▶ [Problem description]:
In the records below, find the line containing "Mr P Suede Chore Jacket In Blue" and the line containing "LIL' BLUE Hand & Body Lotion". Give again exactly those lines and every line between them, omitting the pictures.

▶ [Data for review]:
+---+

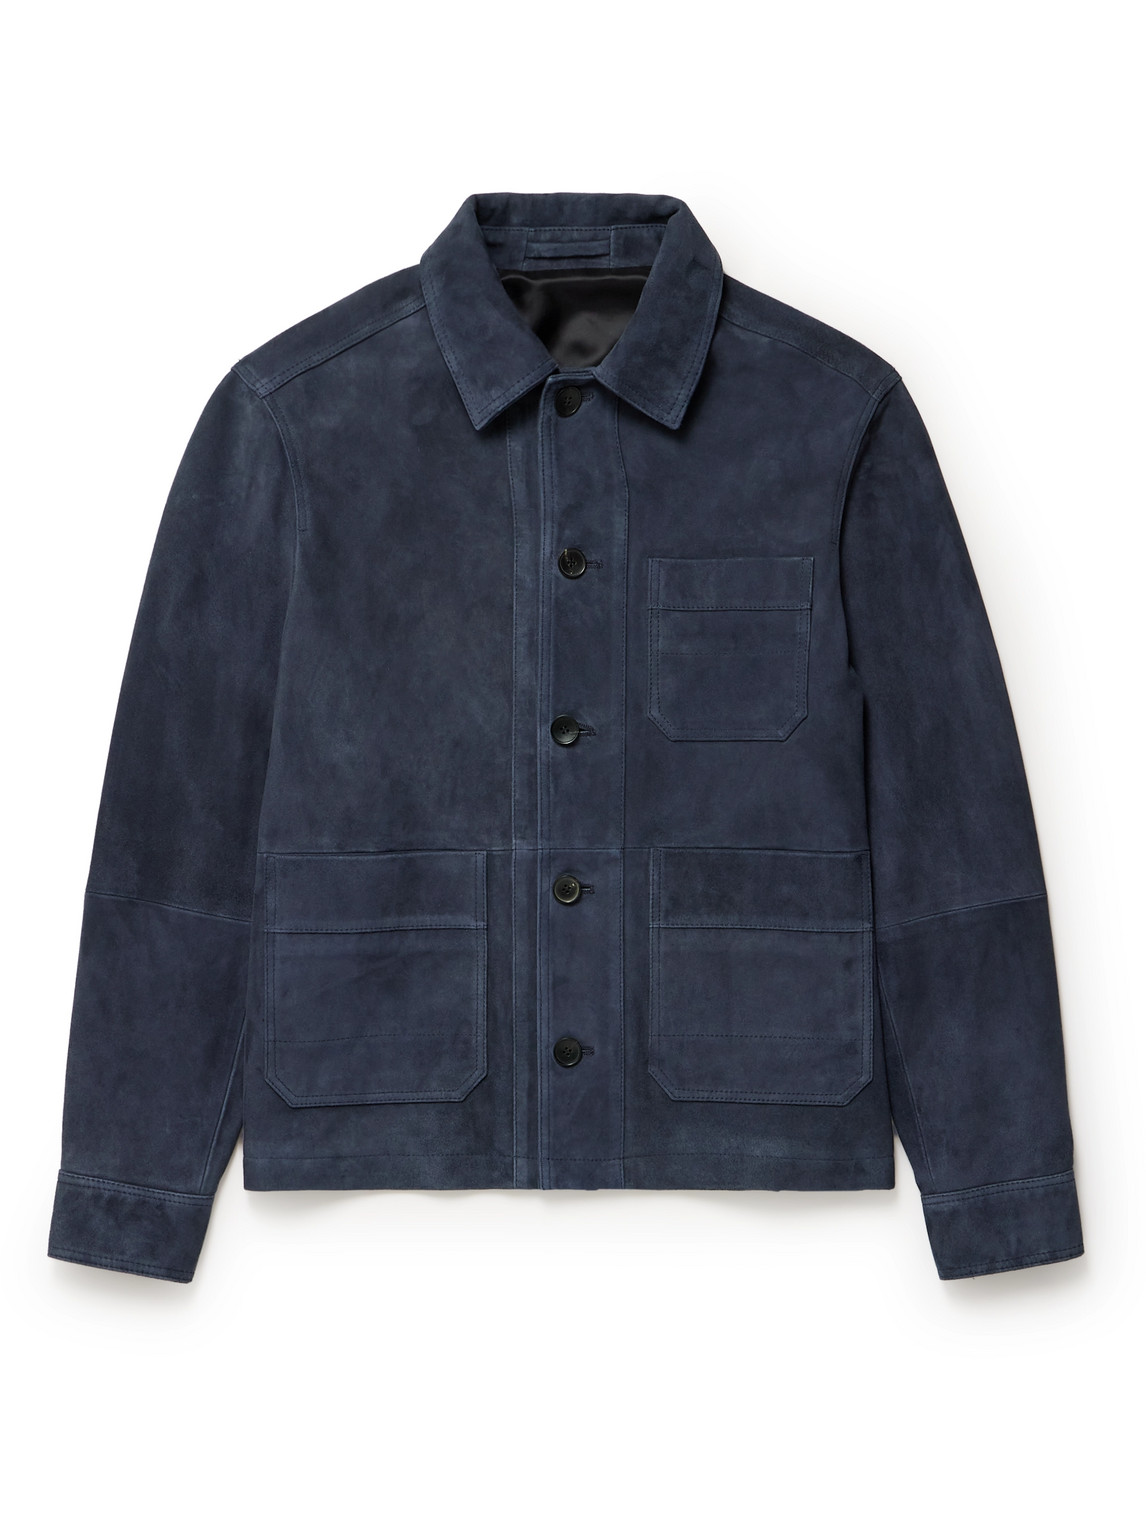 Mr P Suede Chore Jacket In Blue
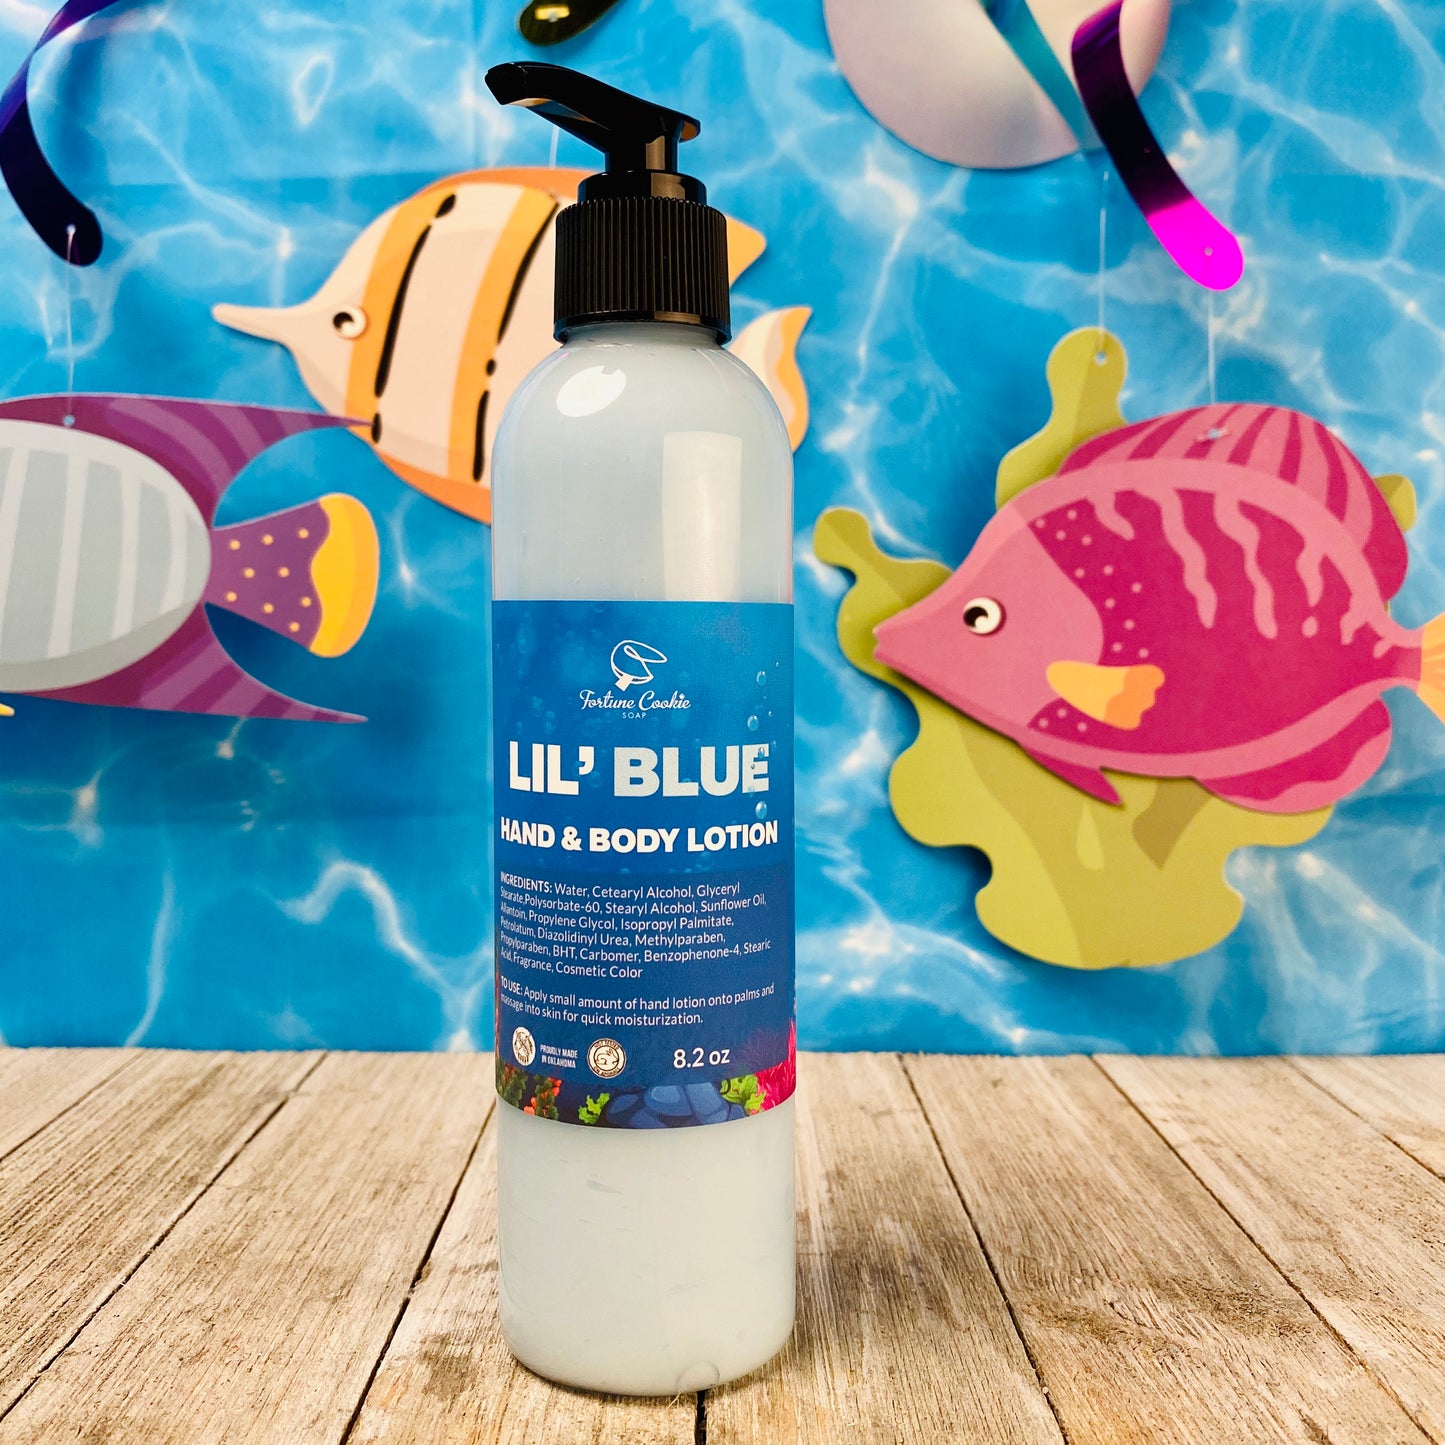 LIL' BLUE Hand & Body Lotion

+---+

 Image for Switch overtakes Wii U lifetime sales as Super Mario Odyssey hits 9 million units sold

+---+

▶ [Finished task]:
 Mr P Suede Chore Jacket In Blue
 LIL' BLUE Hand & Body Lotion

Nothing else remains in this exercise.